Navigating America's moral wasteland
Photo by Joshua Sun / Unsplash

On the surface, Americans all value the same things. Life, liberty, equality, the rule of law, the pursuit of happiness — these terms form the basis of our shared moral language.

If a nation is to forge a shared identity, it must share a moral vision, an understanding of what the people will be as a people. To arrive at that moral vision, a people must speak the same language, not just in the literal sense of speaking English, but they must all mean the same thing when they use specific terms.

Without a shared language with which to discuss basic truths, no unity of identity or purpose is possible.

The great seal of the United States bears the Latin phrase E pluribus unum, out of many one, but we cannot become one if our fundamental ability to discuss moral truth has broken down. A crisis of moral discourse has seized our nation, and until it is resolved, the endless culture war that rages in every corner of public and private life will continue to tear us apart.

In “After Virtue,” the philosopher Alasdair MacIntyre describes a theoretical apocalypse. Imagine an advanced civilization that experiences a disaster so severe that its wealth of scientific knowledge is wiped out. Laboratories, universities, and scientific texts all vanish, leaving the people without the accumulated knowledge upon which they had previously relied. A group of politicians who blame science for the tragedy that devastated their civilization zealously crush what remains of the scientific community.

After a few decades these politicians are removed from power and society begins to rebuild. All the actual scientists are gone, but those who are old enough to remember vaguely a world where science existed start a new movement. They attempt to resurrect science, but their understanding is seriously lacking. These men were only children when their civilization still possessed a mastery of science. The leaders of the new movement have no formal training or real knowledge of what science entails. They lack the necessary equipment and texts. They do not truly understand the theories involved.

The concept of science that this post-apocalyptic society cobbles together is built on fragments, the faded memories of people who never truly understood what science was in the first place. This movement becomes vital to the culture of our imaginary civilization. Adults can be found arguing about scientific theories they do not really understand. Children learn to recite pieces of the periodic table as if they were sacred, but no one understands the context for this knowledge or how to apply it.

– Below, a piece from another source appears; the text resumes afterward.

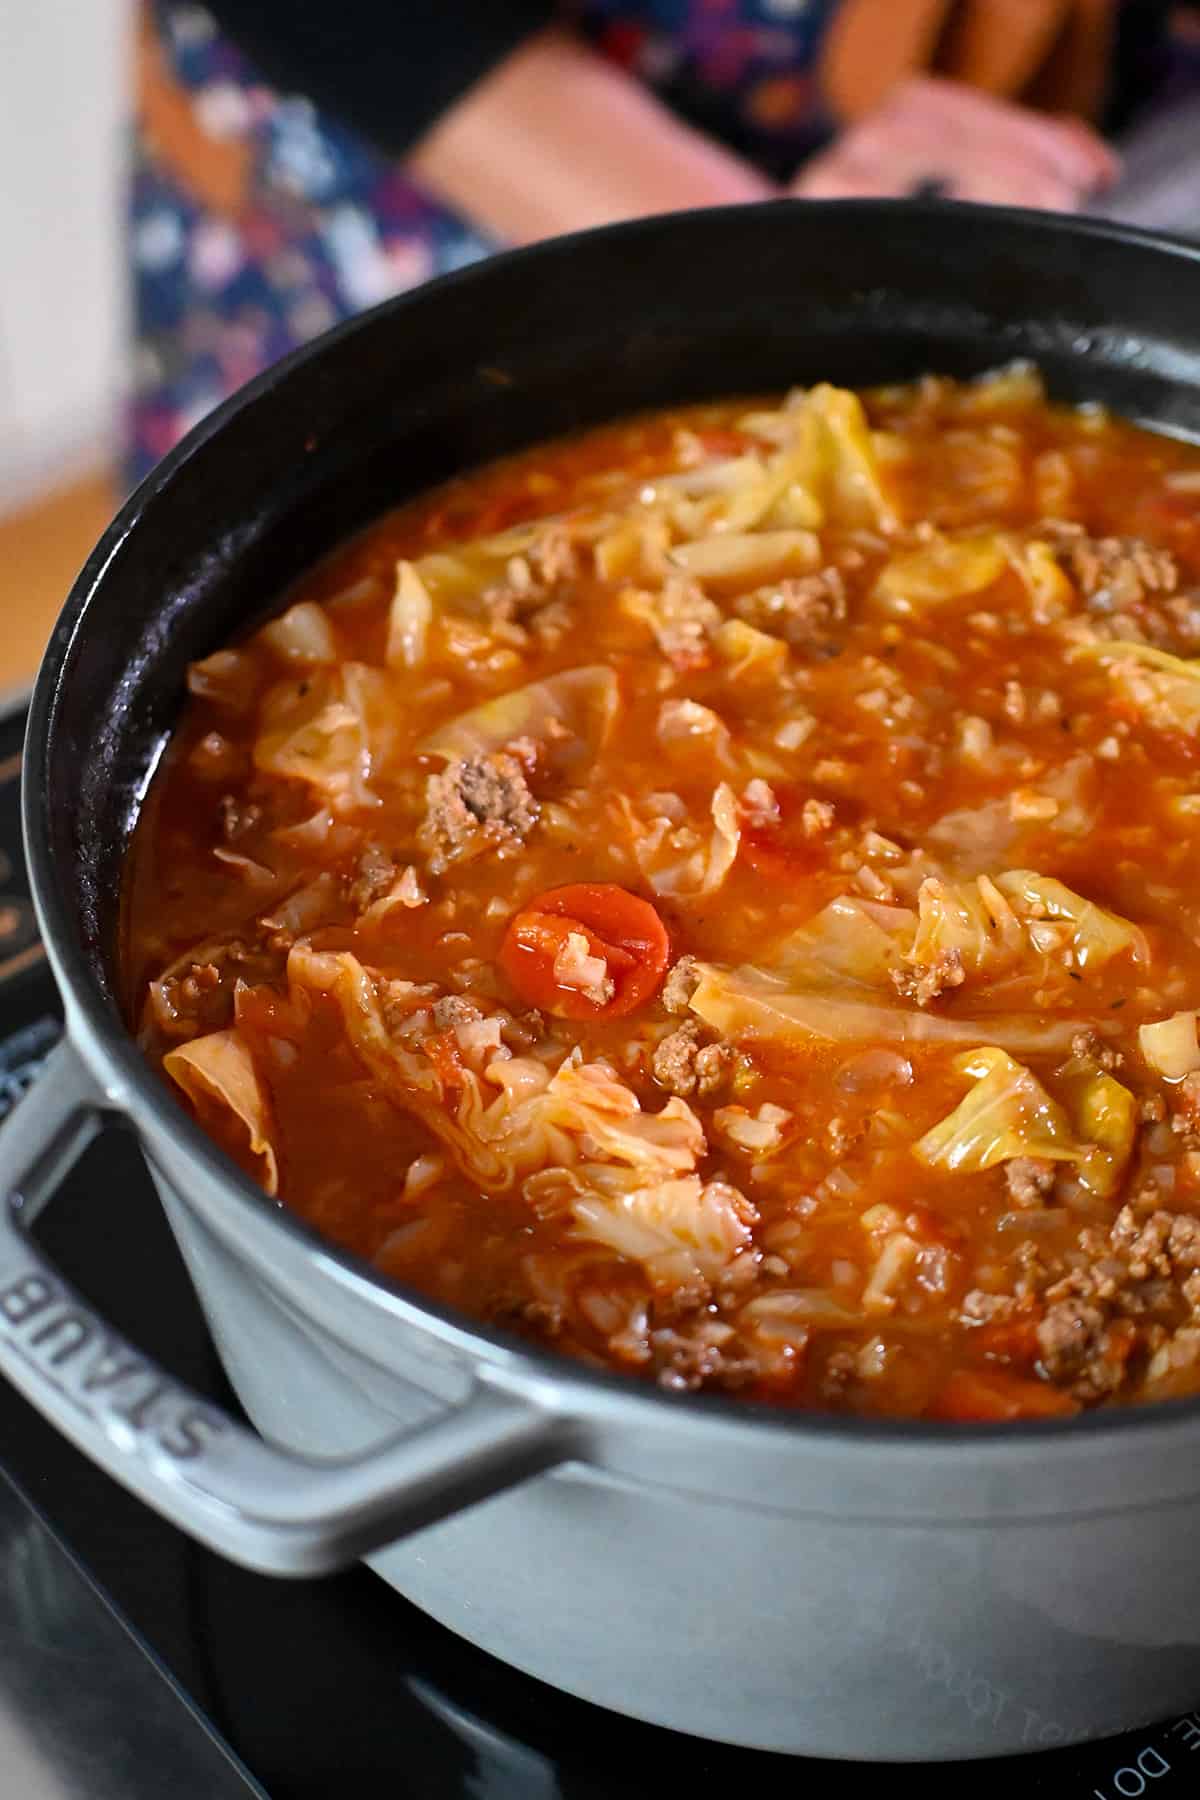 A side view of a gray pot filled with paleo and Whole30 stuffed cabbage soup, or cabbage roll soup.

The citizens refer to this knowledge as “science.” They treat their understanding of the subject as if were very important despite it being tragically disconnected from what science does. This broken and impoverished notion of science is treated as common cultural knowledge. Scientific terms like “photon” and “chlorophyll” enter common use, but no one understands their original meaning. No one understands that they are using the words incorrectly.